校長室だより

2016.04.06

平成28年度 1学期 校長あいさつ

 この体育館には6学年がそろって学校集団を構成しますが,今日はまだすべての学年がそろっていません。でも,明日には183名の中学1年生と、210名の高校1年生が入学します。新年度を迎え、皆さんもクラス替えが行われ,新しいクラスの中で、新しく親しい人間関係を結んでいただきたいと思います。今日はその親密な人間関係をつくりあげるうえで,心に留めてほしいことを、少しお話します。

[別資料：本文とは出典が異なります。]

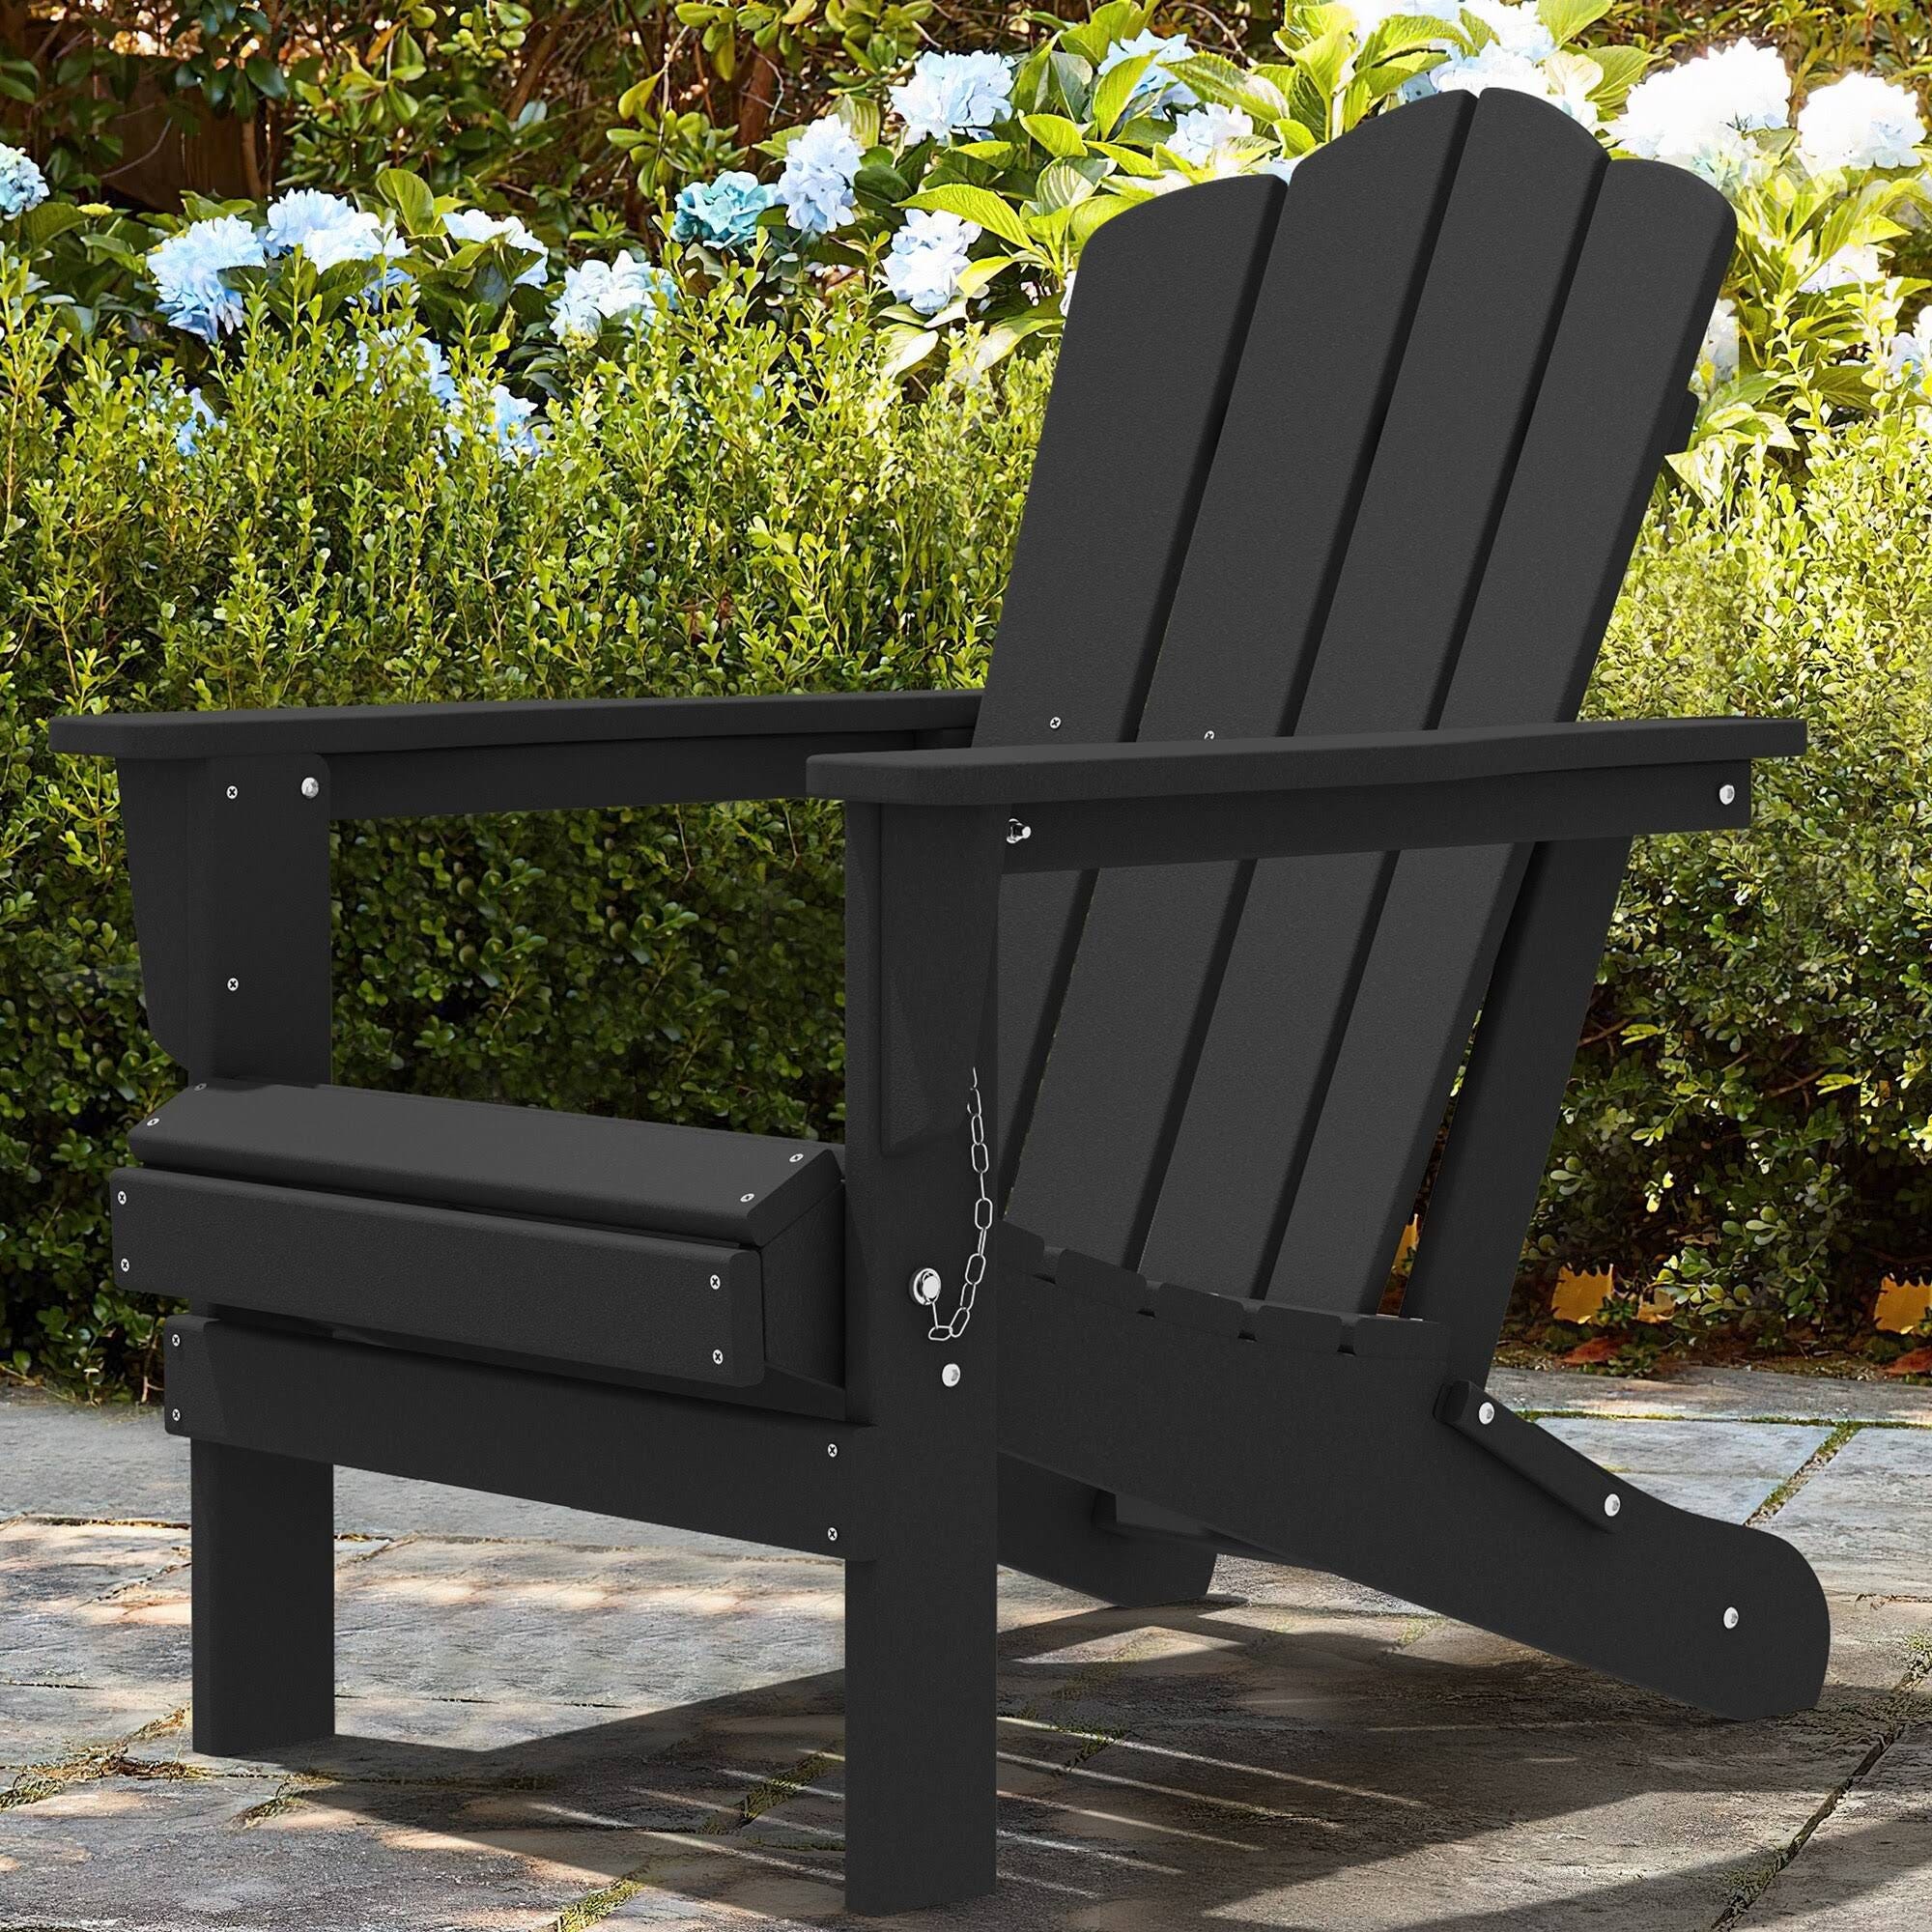 Durable Weather-Resistant HDPE Adirondack Chair with Aesthetic and Comfortable Design | Image

 3月11日に管理棟の横にある掲揚台に国旗、校旗が上から半分の高さで止まっていたと思います。こうした旗の挙げ方を「半旗」と言います。5年前の東日本大震災で失われた尊い命を思い、哀悼の真を捧げる日と全国で実施されています。肉親、親戚、友人、妻子を亡くし、生きていく術を根底からなくして、呆然として日々を送ることを余儀なくされた多くの方々が残されてしまいました。

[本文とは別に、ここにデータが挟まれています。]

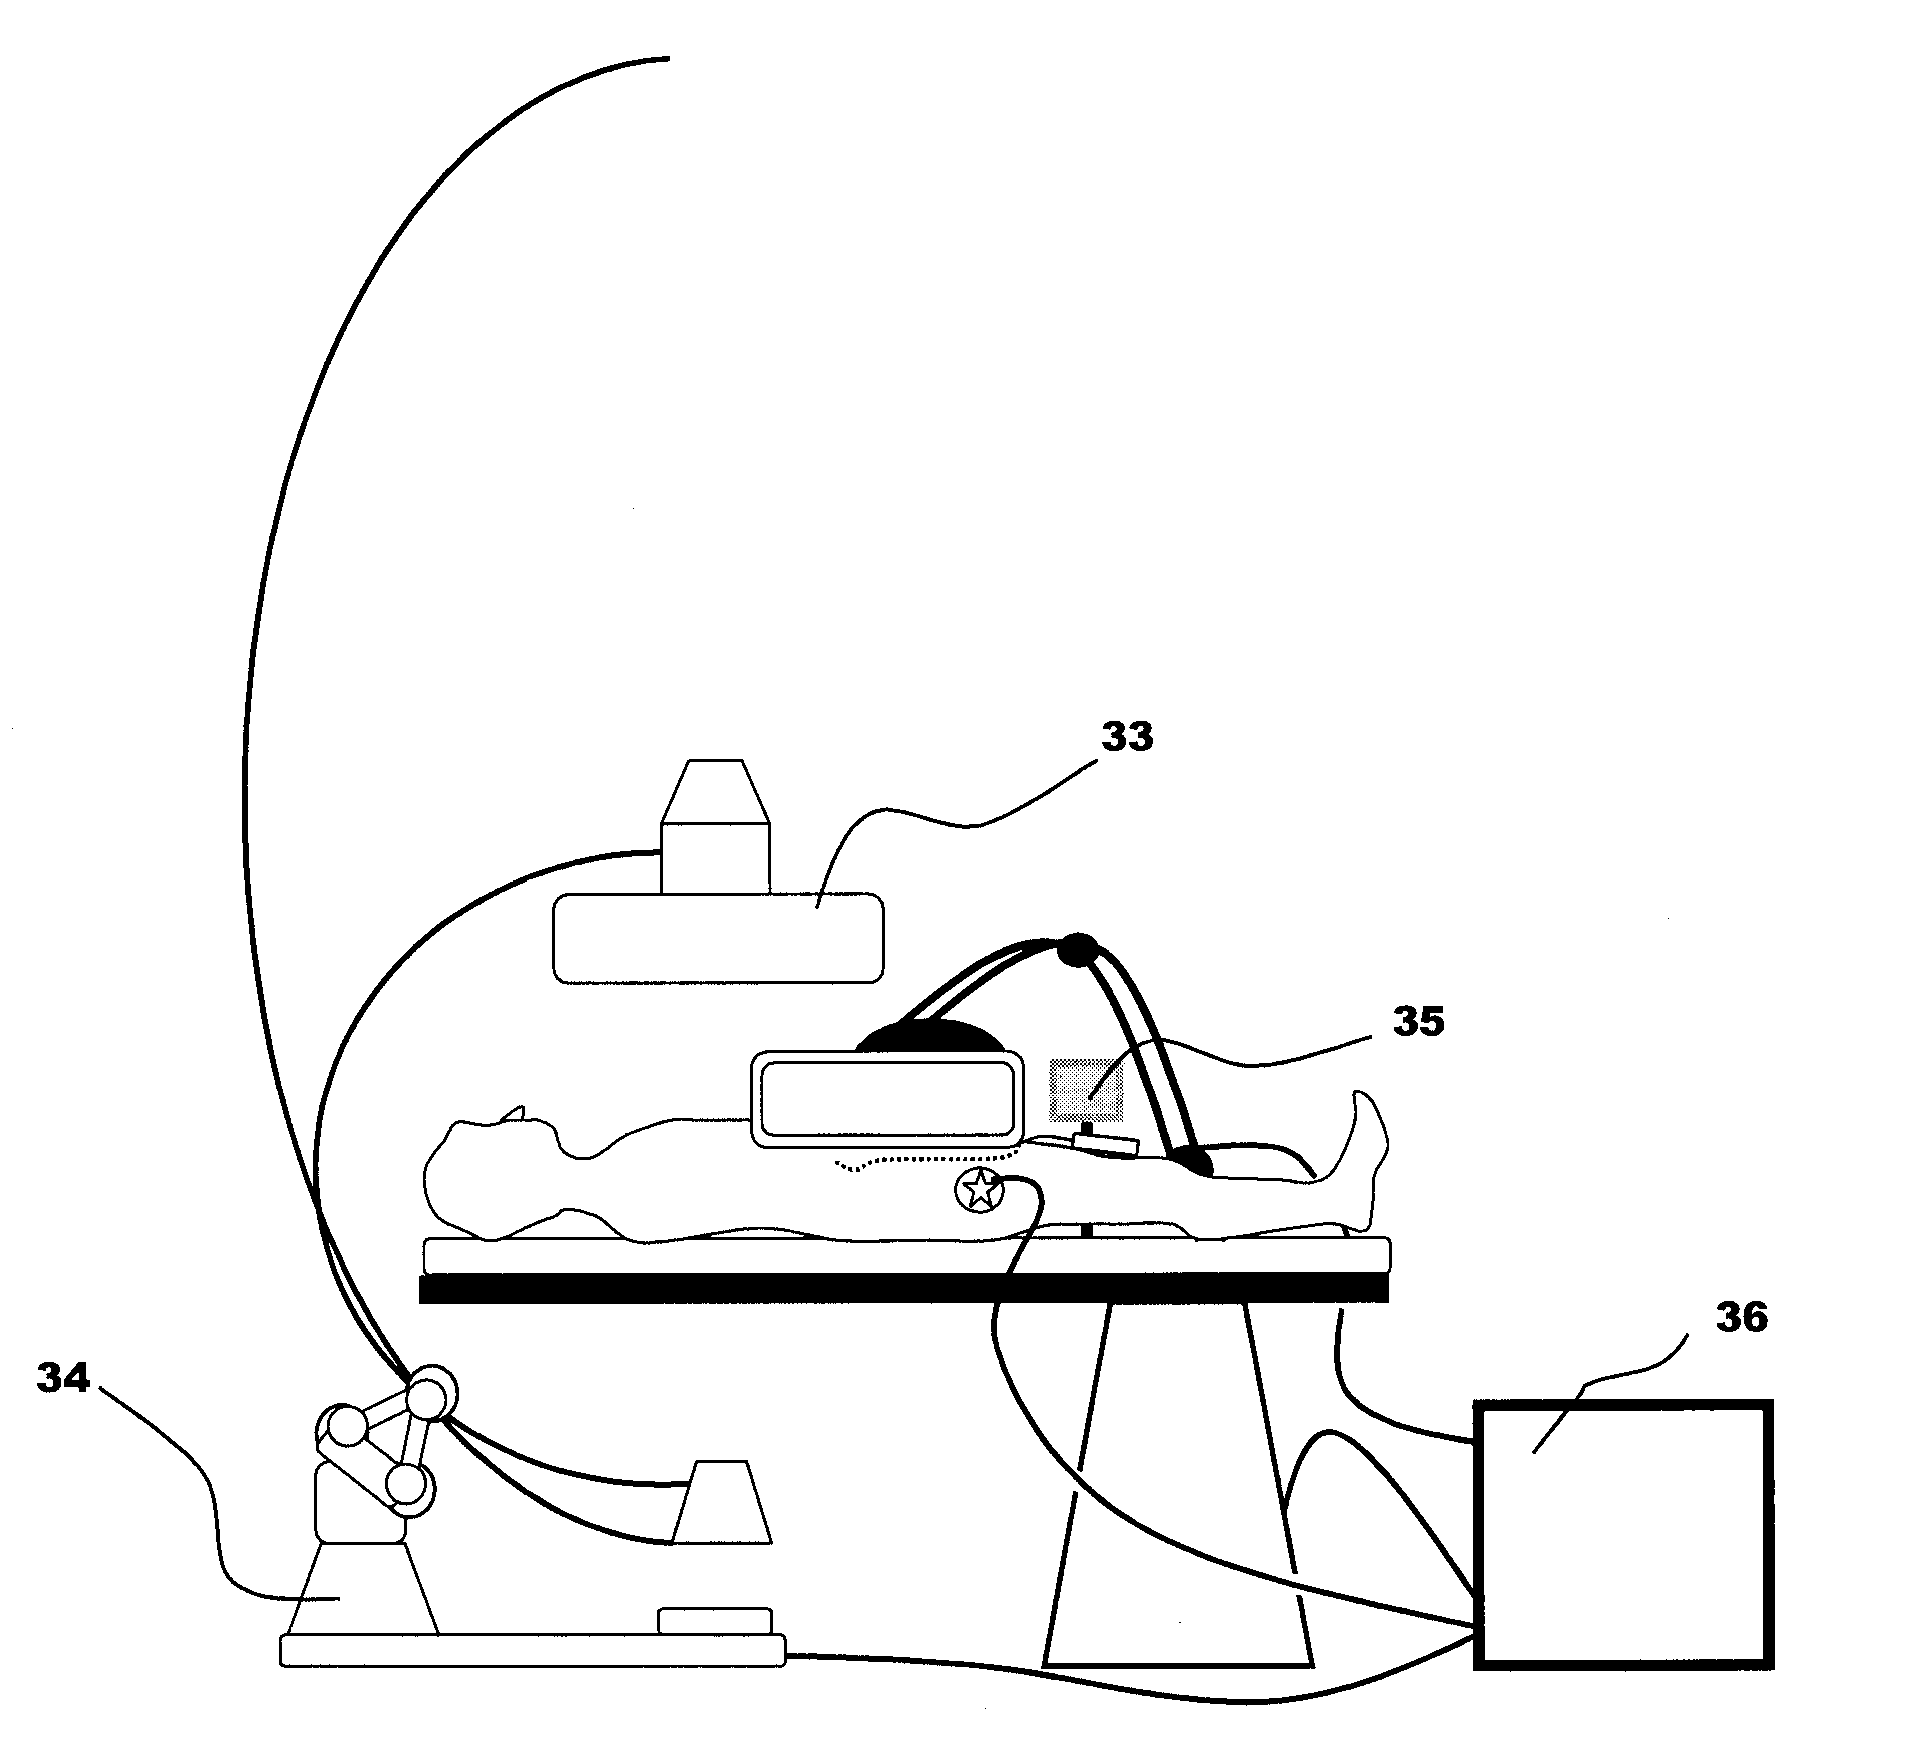 System and method for virtually tracking a surgical tool on a movable display

 みなさんは阿川佐和子さんというエッセイストを知っているでしょうか。彼女の「聞く力」という本のなかで、この震災のことを語っています。阿川さん自身も東京に居て、「自分は何をすべきなのだろうか?」と真剣に悩み続けたそうです。そういう状況の中でコピーライターで活躍している糸井重里さんへのインタビューの仕事があり、糸井さんとの対話で自分をとりもどします。これから述べるのは糸井さんの言葉です。
 「僕はずっと、被災地に行く理由が見つからないんだけど行かなきゃならない、という気持ちがあって、でも理由がなきゃ観光旅行と何が違うんだって、自問自答していたんです。」そんなとき偶然ネット上で被災地の22歳の女性と知りあいます。糸井さんは自分の気持ちを素直に吐露しました。するとその女性が次のように応えたそうです。
 「行くなら尋ねてほしいところがあります。避難所です。避難所の人たちは、話をする相手がいない。なぜなら、家が壊れた話を訴えたところで、みんな同じ目に遭っているから、誰も驚かないのです。家族を失い、自ら九死に一生の体験をしながらも、その話をすると、「ああ、私はもっと怖い経験をした」という言葉が返ってくるだけで、誰も親身になって耳を貸してくれるような状況ではないというのです。」糸井さんはその話を聞いたとき、行く!俺に何ができるかわからないけど行く!って思った」そうで、その言葉を聞いた阿川さんもすぐさま「『行く!』と決心したわけではないけど、『聞く』だけで、人様の役に立つんだ」ということを知り、なんだか胸のつかえが一気に降りた思いがしたそうです。
 「聞く力」というのは、時と場合によっては大きな力を発揮するものだな、と私も認識を新たにしました。
 新しい出会いがはじまります。知らないことを聞く、相手の気持ちを聞く、そしてお互いが理解する集団に育っていって欲しいと心から願っています。
 では、新年度心爽やかなスタートをみなさんとともに切れることを願って挨拶とします。